The keys to our software approach were determined early on. We had to have the ability to leverage outage management systems to detect outages. Ultimately the software had to enable transmission and distribution (T&D) operations to sense and review information from many data sources, either through aggregation or as finely detailed as necessary.

The system designed had to add new functionality to meet the diverse needs of our customers – for instance, provide DR and energy efficiency information to the customer via PCTs, in-home displays, or other enabling technology. We could even offer customers centralised energy management systems or allow use of the information to manage their own system. The possibilities had to remain open.


At SDG&E we are committed to providing an exceptional customer experience and smart meters have the potential to really reinvent our relationship with our customers. But we have to approach this sensibly, and we know that the success of our smart meter programme really hinges on customers embracing the data it provides. We need to figure out how to make this simple and easy for our busy customers.

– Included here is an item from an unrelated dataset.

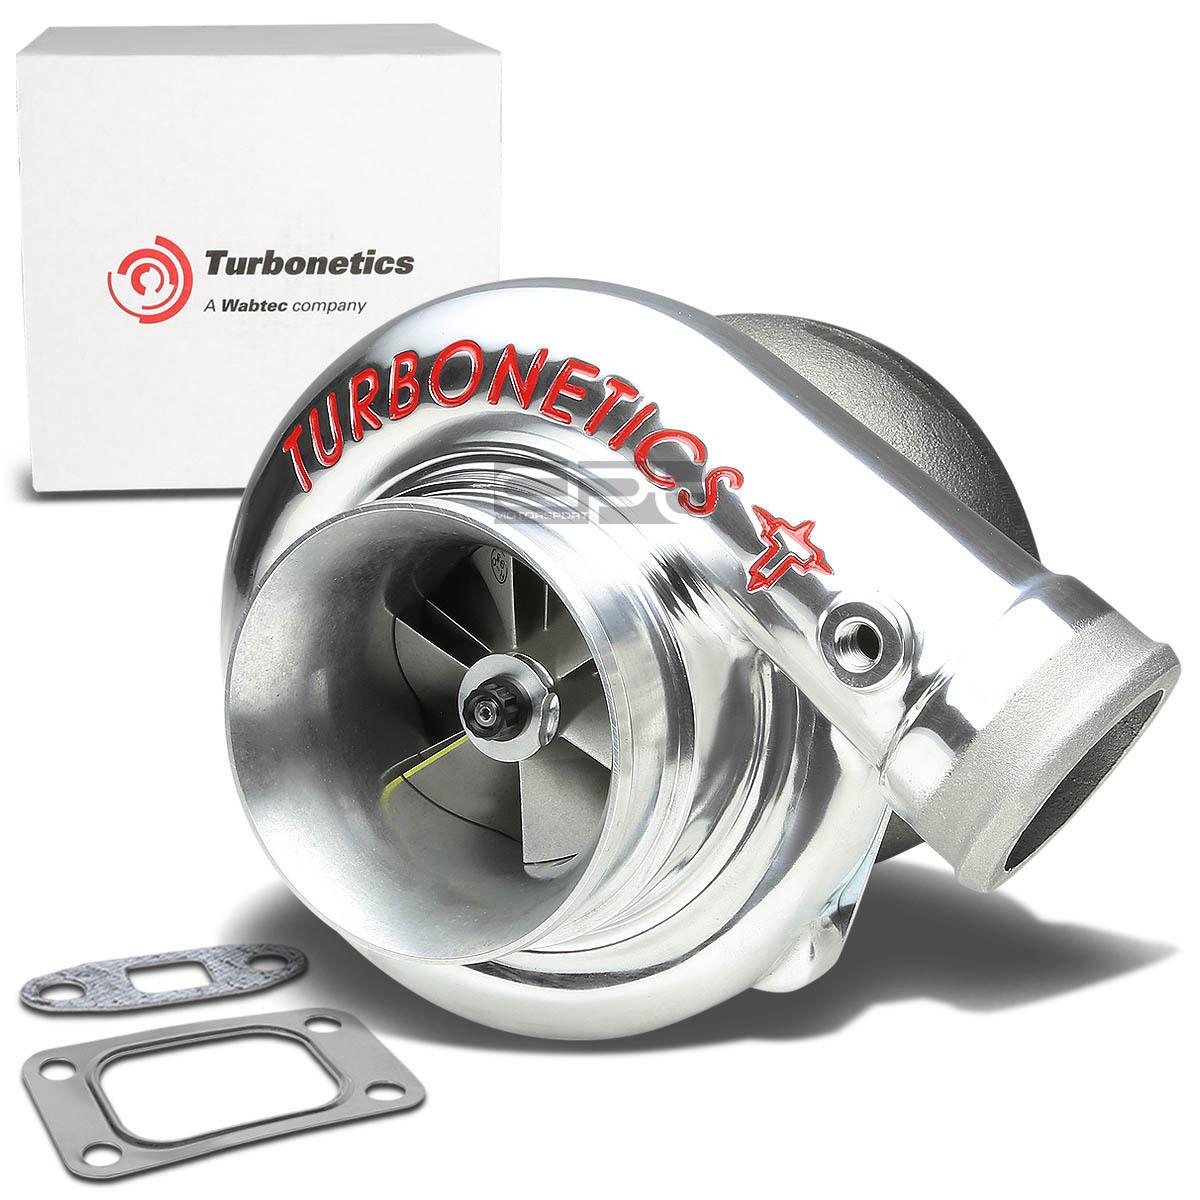 Turbonetics Turbo Chargers : Turbonetics turbocharger hurricane benita t

From the beginning we’ve focused on the customer benefits of smart meters, researching what our customers value, and that work continues today and into the future. Enhanced customer service, improved outage management, greater control over energy usage/bills and even a reduced need to access property resonate with our customers. Expanding energy efficiency and demand response programmes, creating innovative rate programmes, offering enabling technology and educating our customers will all be critical.

But we’re also looking at what services and products we can develop that provide an exceptional customer experience with smart meters. Potential future offerings may include things like proactive notification, personal rate option analysis, or customer initiatives such as new interaction channels, offices of the future and virtual enterprises. The possibilities are endless, but we have to find the right solutions for the right customer segments.


So now that we have state regulatory approval to proceed with the project, the vision needs to start becoming a plan of execution. And we’ve already begun. Work has started on the information systems and IT systems integration front. We released a new RFP for both technology and installation in May of this year to see the latest pricing and technology available in the market. And we continue to run field tests in our service territory. Between our RFP and field test efforts we are scheduled to select our final AMI technology later this year.

From there we will start to install our communications infrastructure, layout installation plans and then begin the official meter rollout in late 2008, ending in early 2011. We expect that at the height of installation, our staff will be replacing at least 4,000 new customer smart meters each day. It’s an aggressive plan and schedule, but it’s one we believe will service our customers best now and into the future.